On Inhabiting an Orange by Josephine Miles

First published: 1935; collected in Lines at Intersection, 1939

Type of poem: Meditation

The Poem

“On Inhabiting an Orange” is a short, low-key poem about the discrepancy between hopes and actuality. It briefly, dryly, and precisely notes that travelers never arrive anywhere near their exalted destinations but rather follow the route defined by the shape of the globe on which they walk. Like other poems in Josephine Miles’s first major collection, Lines at Intersection, “On Inhabiting an Orange” makes use of geometrical imagery. In this poem, Miles makes an extended metaphor of a geometrical puzzle. Miles’s early work is preoccupied with shapes and figures and sometimes plays with multiple meanings of geometrical terms. This approach led some of her early critics to criticize her work for lack of passion; because the emotion in a Miles poem is never on the surface, they claim that her poetry is more interesting than moving. However, this philosophical poem does have feeling that is not expressed directly but is carefully confined within the imagery.

“On Inhabiting an Orange” takes as its basis the paradox that one cannot walk straight (in a theoretical sense) upon a sphere. The curved surface of the earth disrupts the projected straight line, drawing the walker’s path toward its origin. Because the earth is a sphere, humans “inhabit an orange.” At first glance, the title might suggest living within a sphere, but this is not what is intended. The earth dwellers live on the surface of the orange, forced by its shape to travel paths unimagined by the walker. The poem speaks in the first person plural, using a casual editorial “we” that includes the whole human race: “All our roads go nowhere.” Because humans are on the surface of the sphere, their roads do not, in fact, go anywhere beyond that surface—maps are “curled” like a piece of paper around an orange to make the streets conform to the curved surface. The demands of this geography make all trips intended to go somewhere simply fall back against the roundness. Instead of the “metric advance” people intend and expect from forward motion, their footsteps “lapse into arcs.” The circumstances of gravity and geography prevent advance. Journeys forward toward space cannot be undertaken—the physical conditions simply prohibit their progress: “All our journeys nearing Space/ Skirt it with care,/ Shying at the distances/ Present in air.”

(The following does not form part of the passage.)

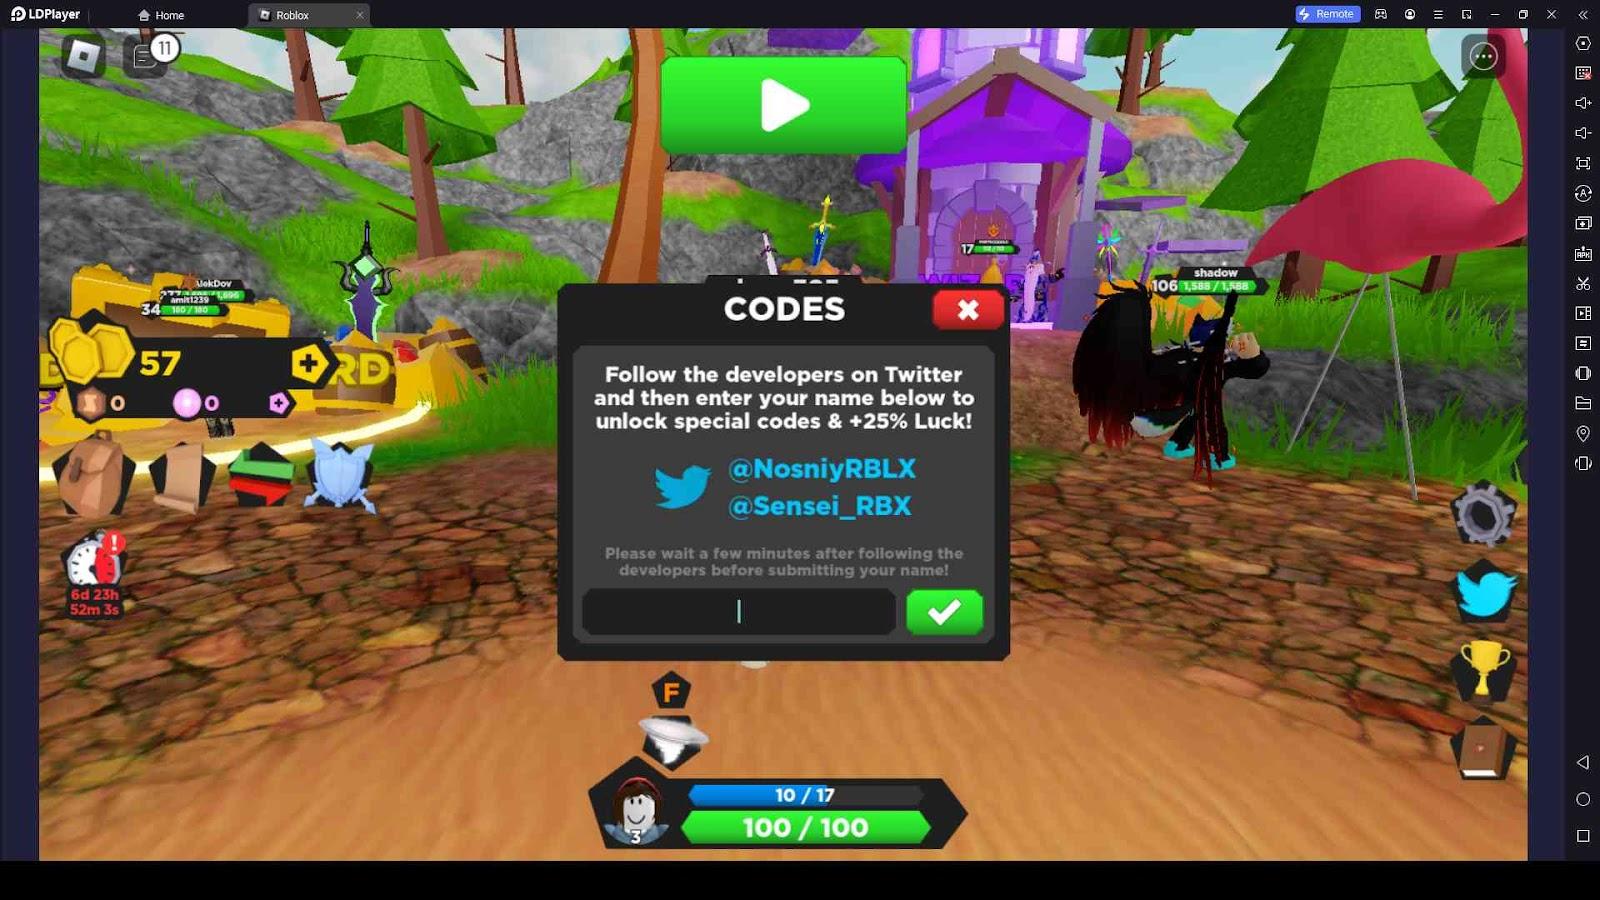 Roblox Sonic Speed Simulator Codes: Race to Supersonic Speeds

Travelers intend to follow the imaginary lines their minds envision, and they thus set forth “blithely” with the goal of some kind of exalted arrival; they do not learn from their experiences. Although they are “travel-stained and worn,” they remain “Erect and sure,” their attitudes untouched by the reality they experience. They do not ever realize that they cannot follow their hearts out into the distances and that they are constantly forced to make “down the roads of Earth/ Endless detour.” That the lines in their heads do not correspond with their footpaths does not faze or discourage them. The contrast between ideal and real, straight and curved, what is expected and what happens, creates the central irony of the poem.

Forms and Devices

“On Inhabiting an Orange” is a seventeen-line poem with an idiosyncratic form: The second and fourth lines of the first three four-line stanzas are rhymed, while the last stanza has five lines and rhymes abccb. The first and third lines of each stanza are longer, while the second and last lines of each, the rhyming lines, contain only two stressed syllables. There are many trochaic feet (single syllables followed by unstressed syllables); this falling rhythm seems particularly appropriate to the content. The last stanza contains the extra longer line but otherwise follows the pattern.

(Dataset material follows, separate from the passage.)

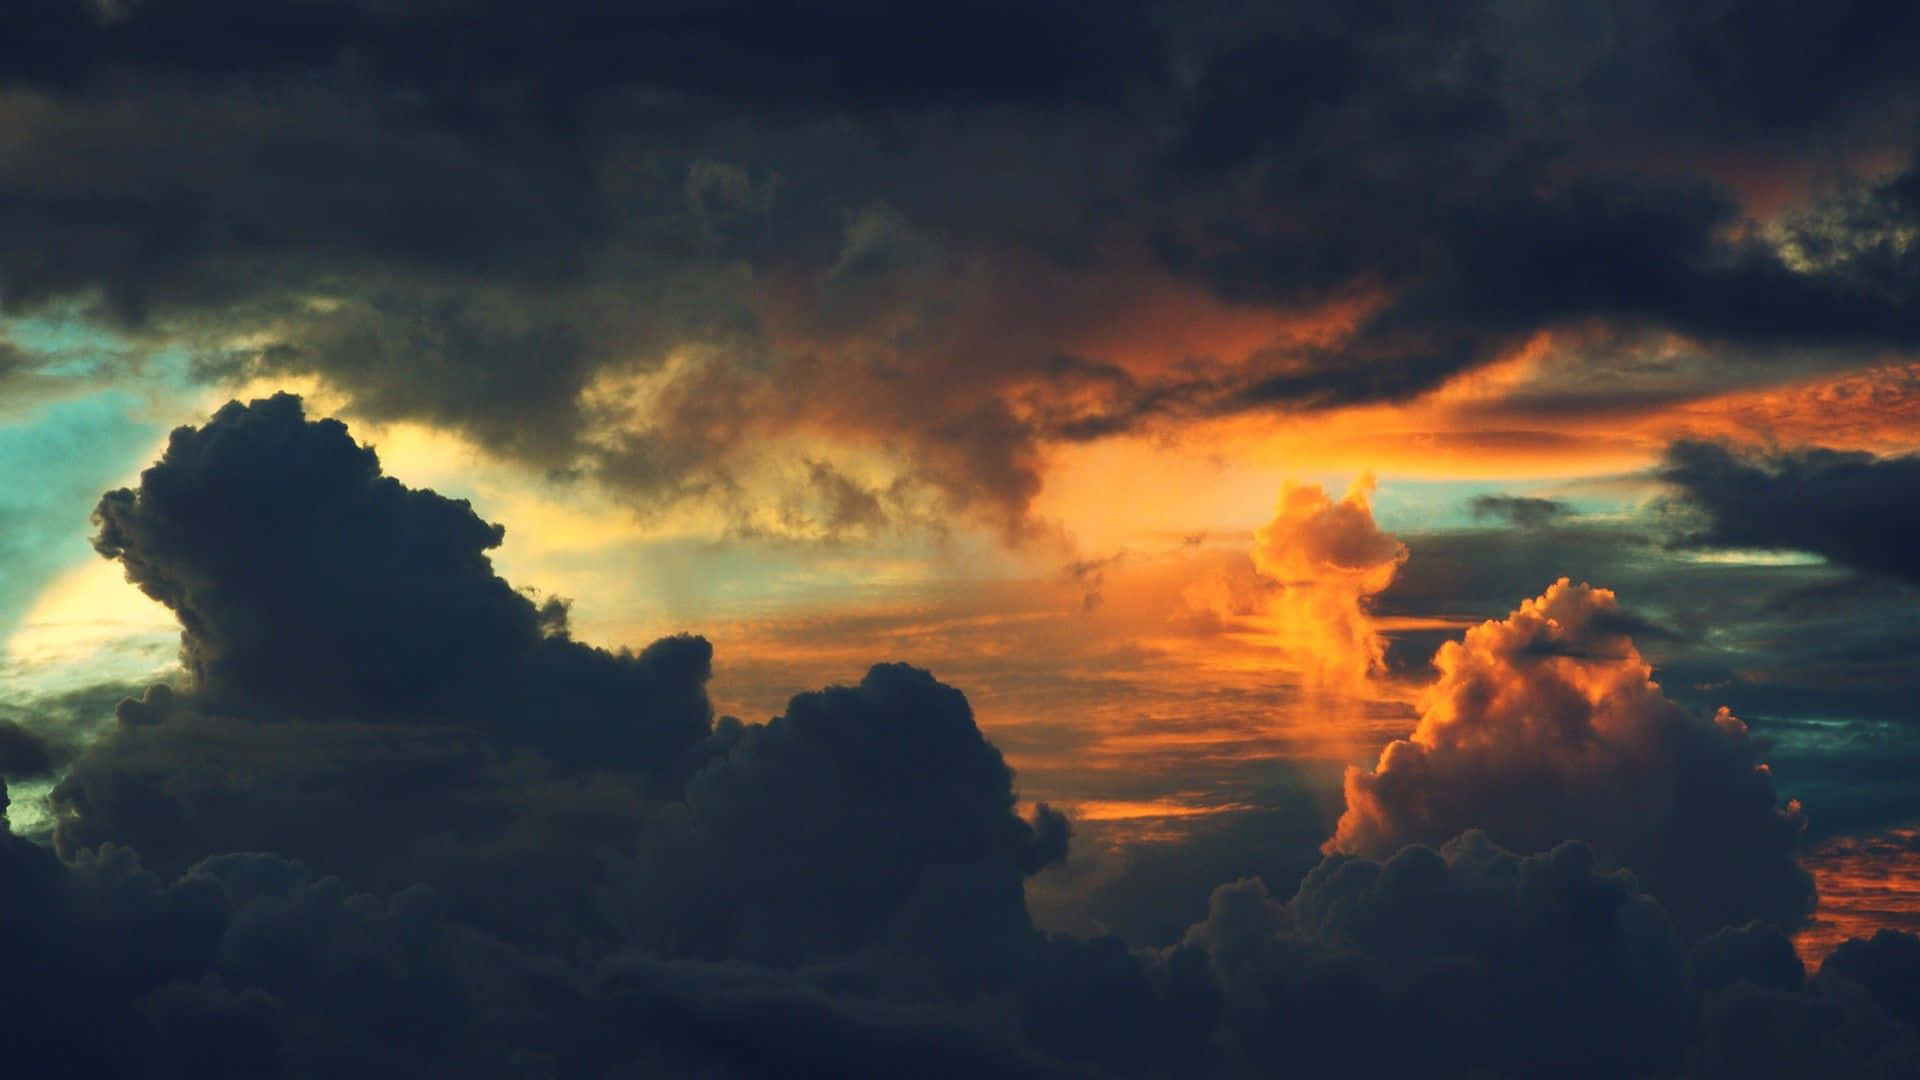 Find serenity among the clouds with this stunning aesthetic cloud background.

This is a straightforward poem consisting of an extended metaphor announced in the title and developed throughout the poem. It is similar to the Metaphysical poetry of John Donne, George Herbert, and others in the use of the extended metaphor or conceit, although Miles’s conceits are much simpler. Miles, who was greatly influenced by the poetry of Donne, liked her poetry to have the fine-tuned precision that the Metaphysical poets found in the detailed comparison of apparently dissimilar objects and thoughts. Indeed, the comparison in “On Inhabiting an Orange” recalls the drawing compass image that concludes Donne’s “A Valediction Forbidding Mourning,” in which the central pole of the woman’s love perfects the path of the speaker, who is joined to her as the two halves of the compass are joined. However, the circle of the inhabitants of the orange is not a happy circle; their deflection from their hoped path is made by circumstance, not love. Even the bumpy figure of the orange contrasts with Donne’s perfect circle.

The rhythms tend to suggest falling short of high hopes or noble goals. The lines tend to curve back like the footsteps of the frustrated travelers who really wish to leave where they are and arrive somewhere else but cannot because their roads go “nowhere.” The short lines seem to fall short, to be pulled back from a high enterprise. The additional line in the last stanza adds a meditative tone and adds to the sense of closure ironically provided by the final deliberately inconclusive image of “endless detour.” Though some critics scoff at the notion of imitative form, the poem may be seen to reflect the progress of someone attempting to travel in a straight line, constantly pulled by gravity away from this goal.